Supplied material =>

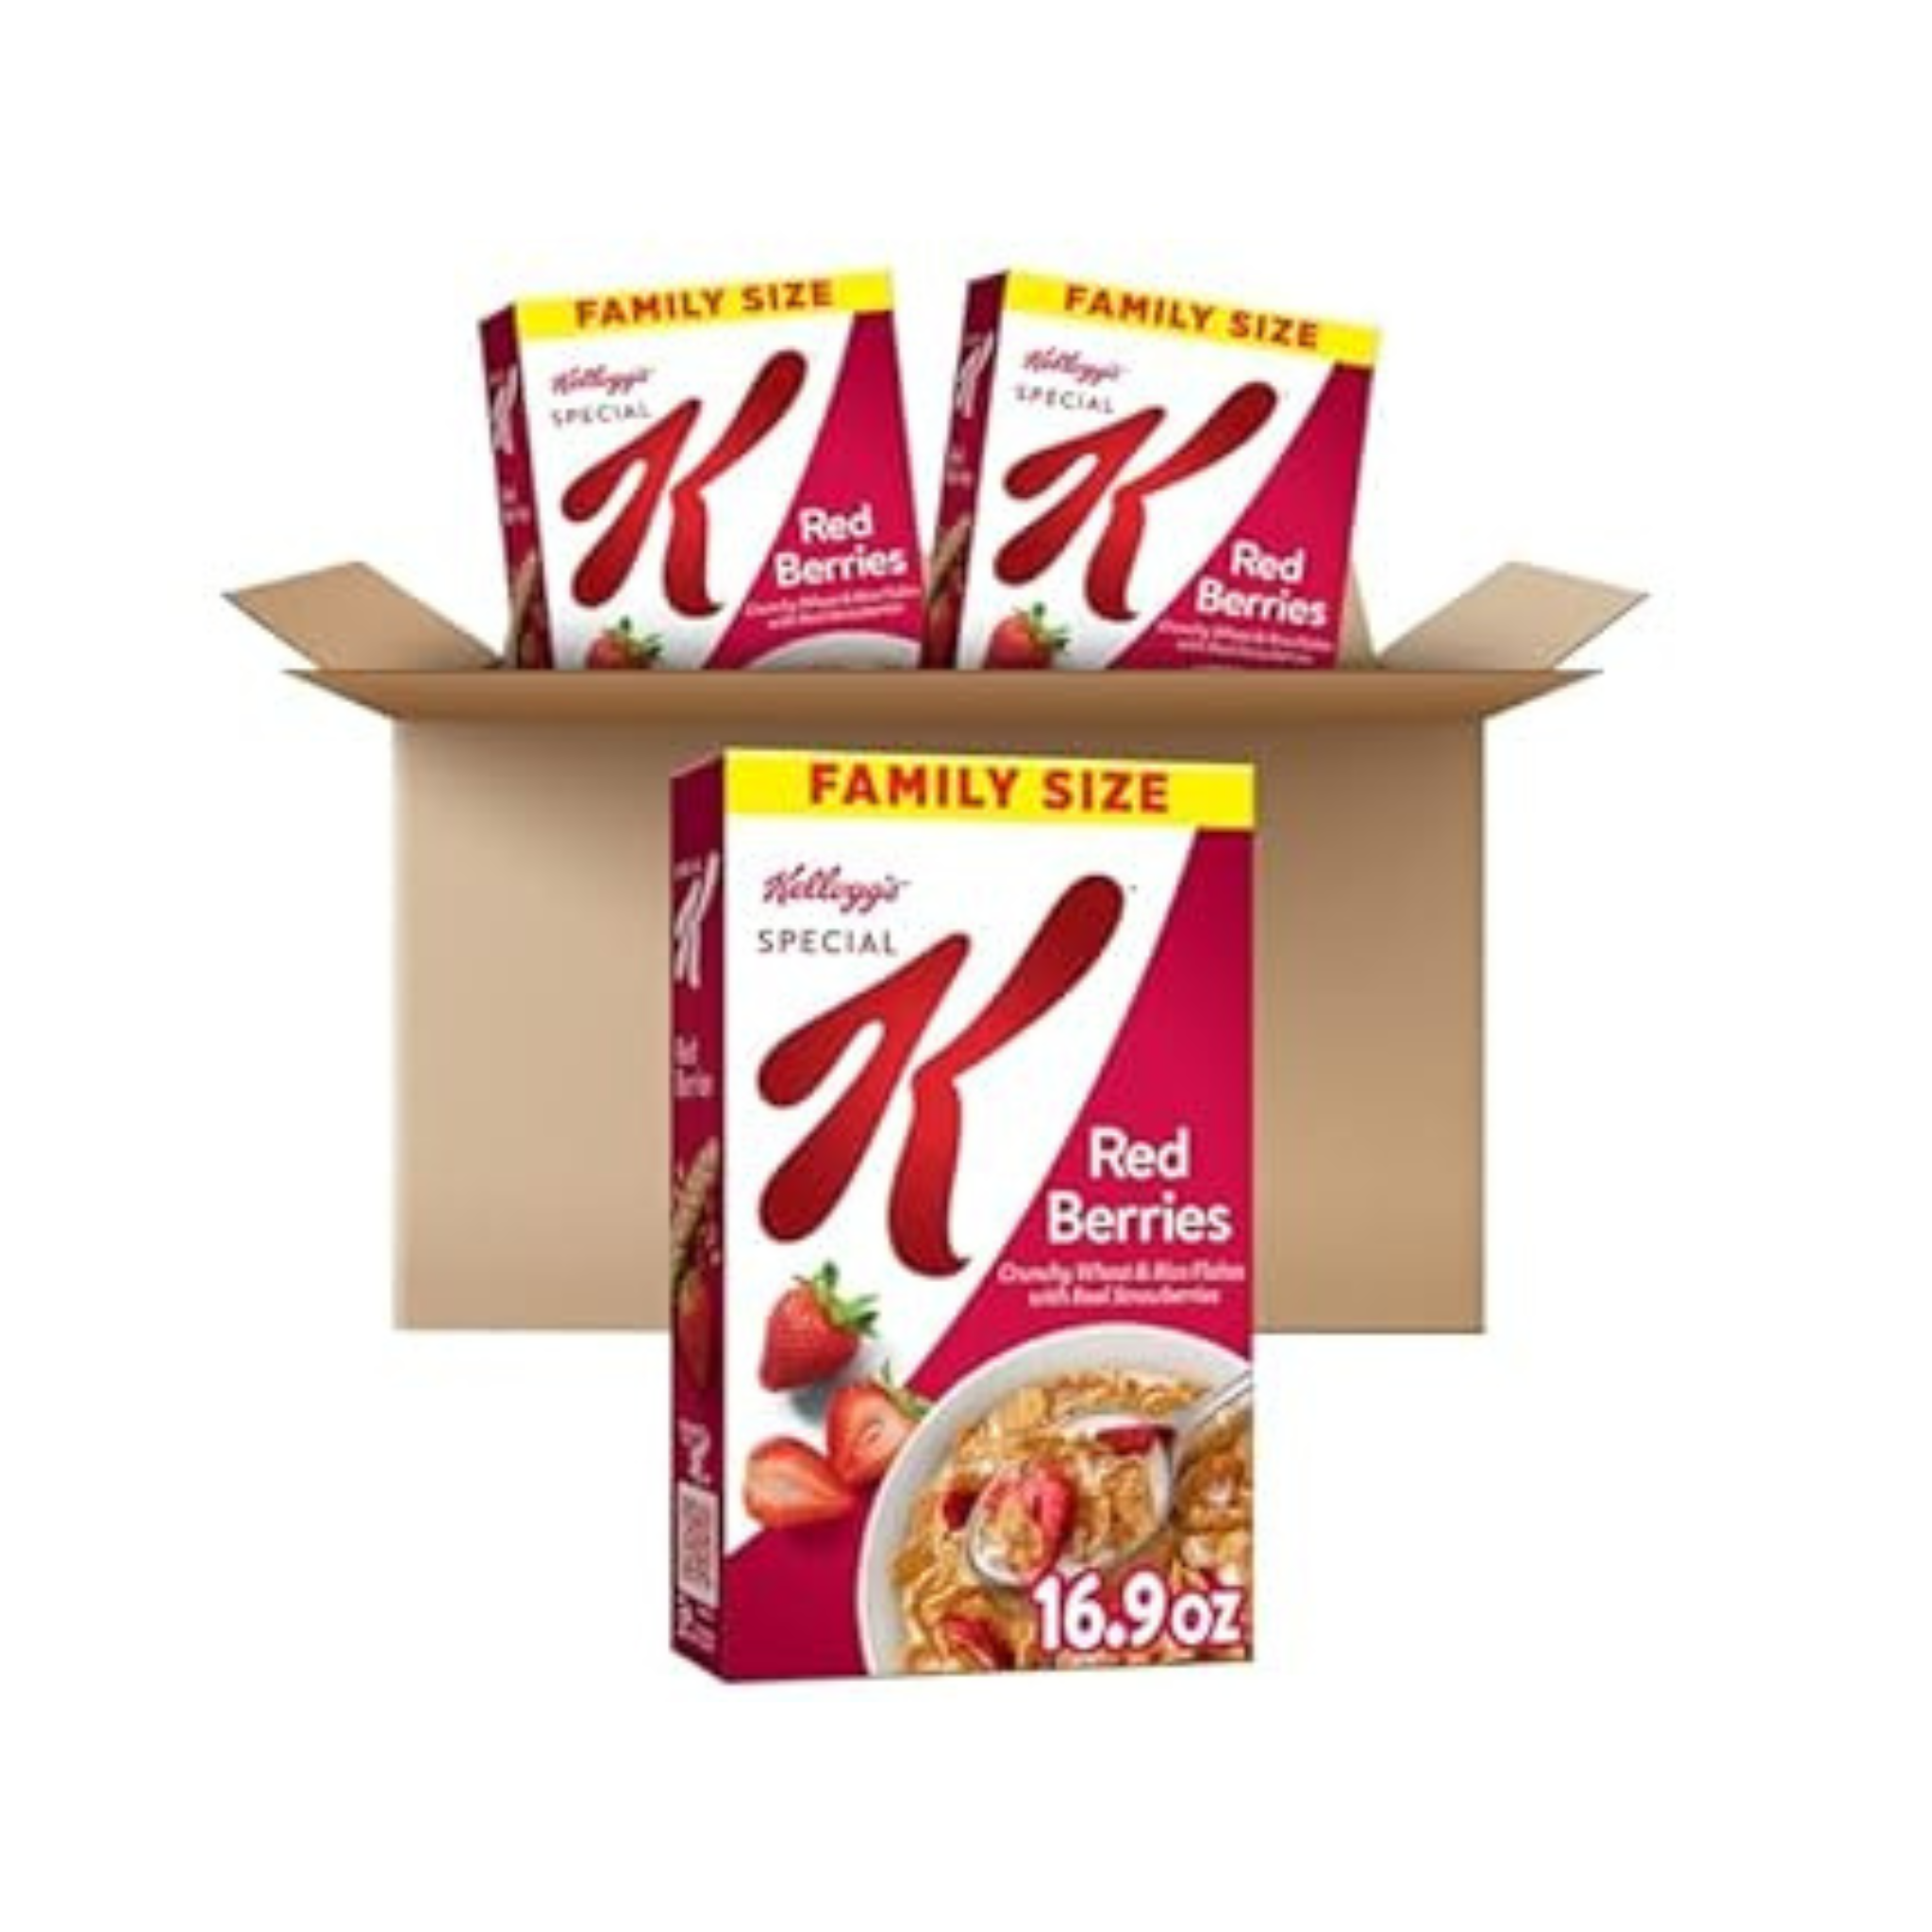 Kellogg’s Special K Breakfast Cereal, Made with Real Strawberries, Family Size Boxes (3 Boxes)
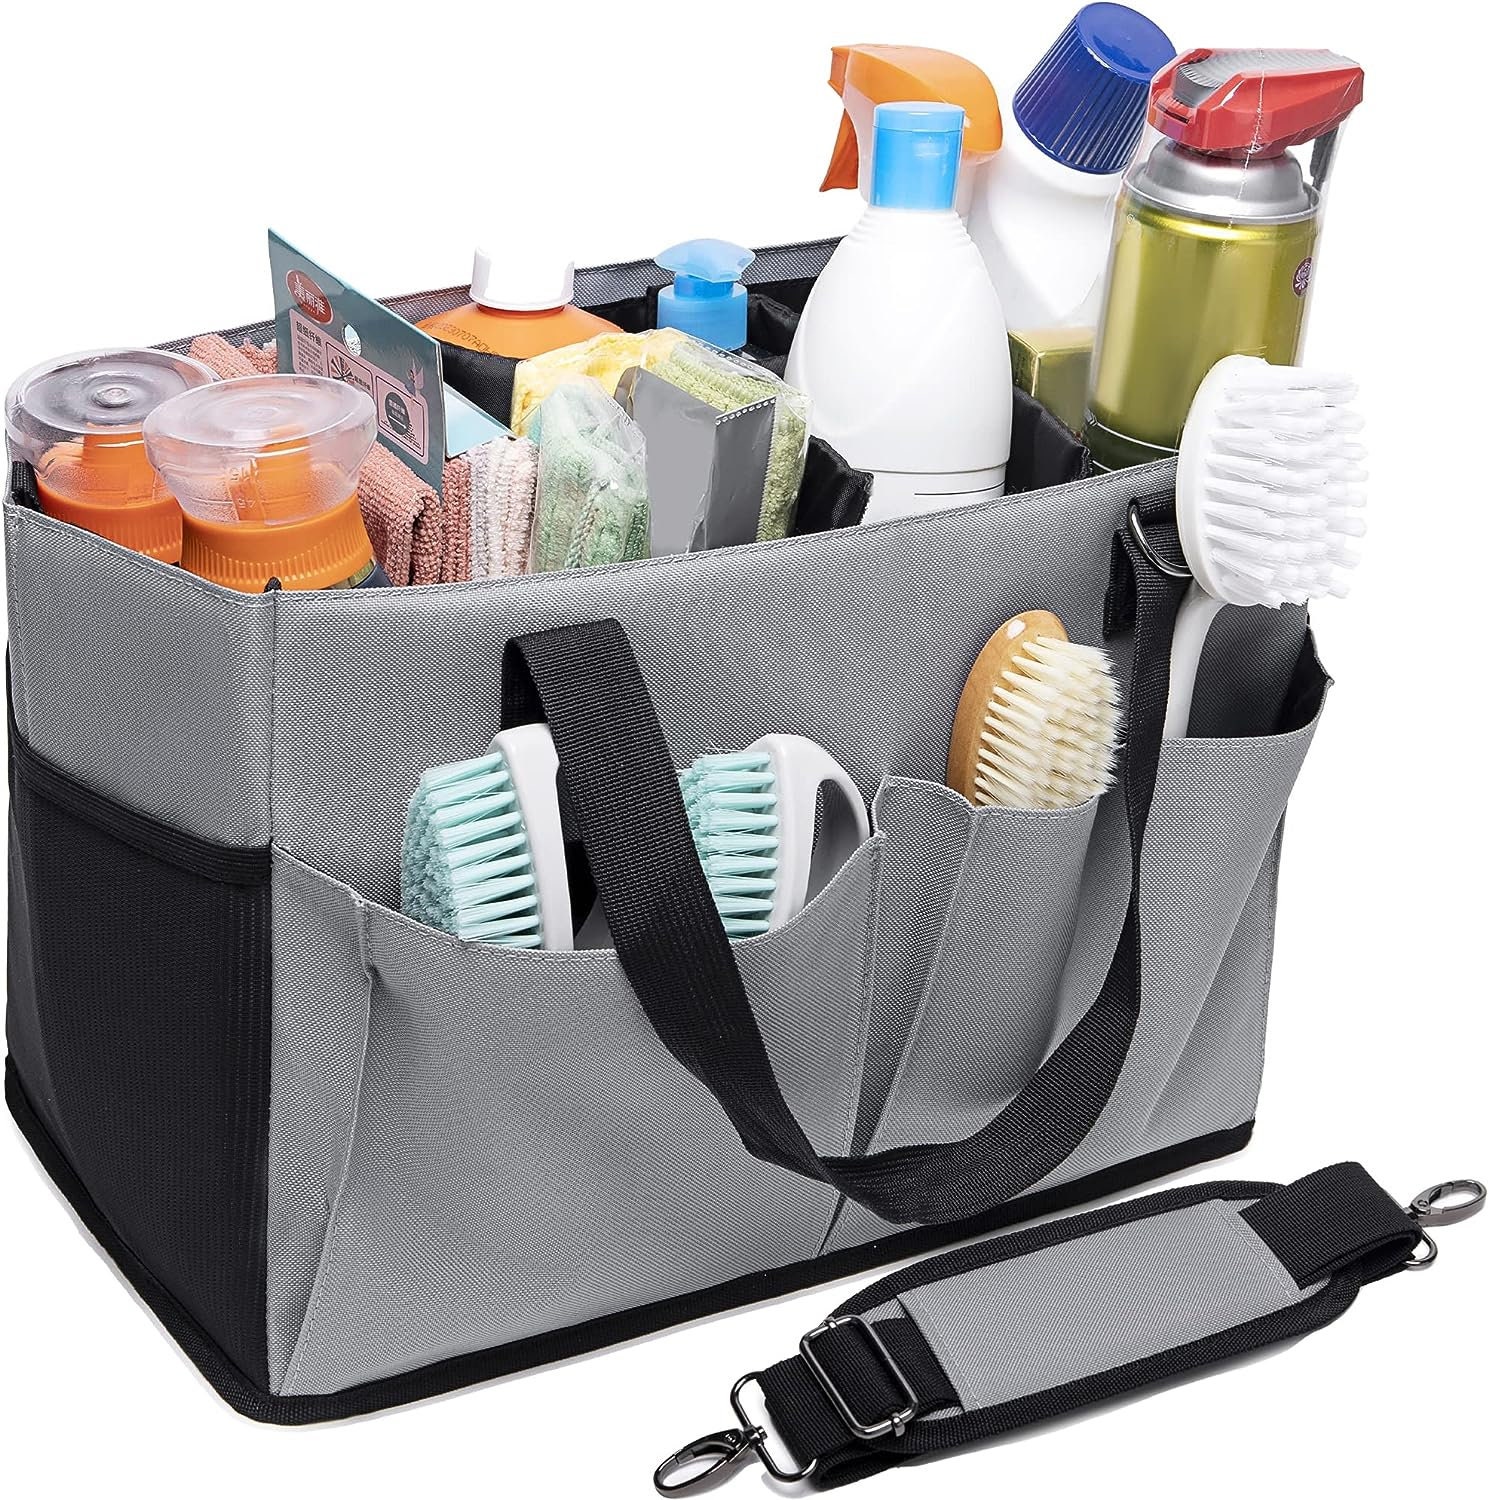 New Design Trapezoid Cleaning Supply Organizer Extra Large Cleaning Caddy  Bag with Handle - China Cleaning Caddy Bag and Cleaning Caddy Bag with  Handle price
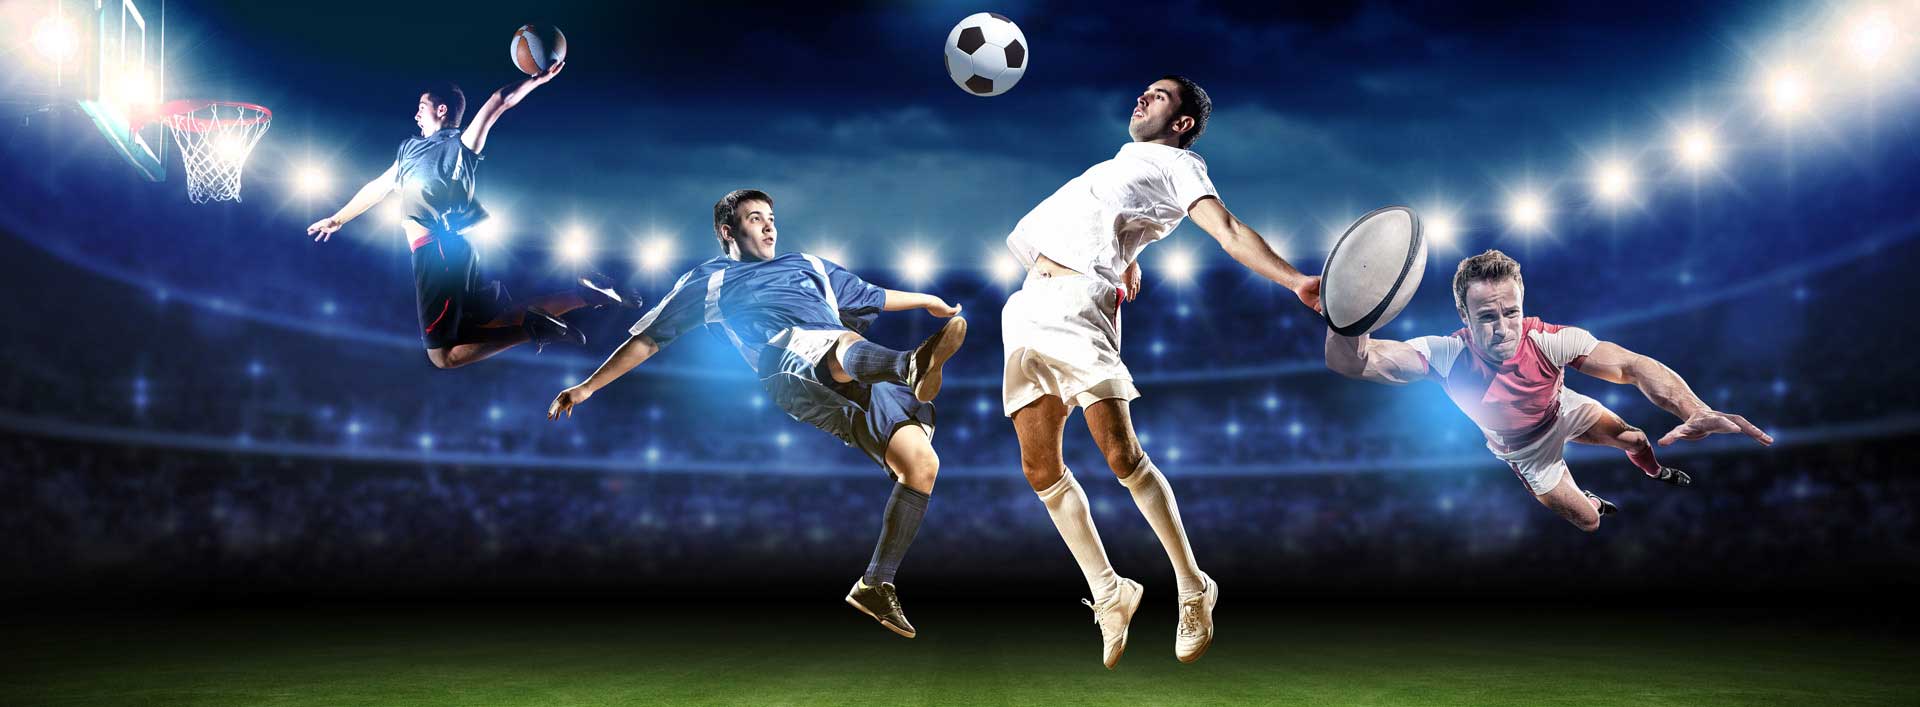 Football Predictions, Soccer Predictions, football and soccer tips, profesional analysis 100% matches, real soccer football fixed matches, todays football betting tips, football betting tips saturday, football accumulator tips for this weekend

What is expected => Print the complete listing exactly as it stands, without its pictures.

Finished exercise =>
 Kellogg’s Special K Breakfast Cereal, Made with Real Strawberries, Family Size Boxes (3 Boxes)
 New Design Trapezoid Cleaning Supply Organizer Extra Large Cleaning Caddy  Bag with Handle - China Cleaning Caddy Bag and Cleaning Caddy Bag with  Handle price
 Football Predictions, Soccer Predictions, football and soccer tips, profesional analysis 100% matches, real soccer football fixed matches, todays football betting tips, football betting tips saturday, football accumulator tips for this weekend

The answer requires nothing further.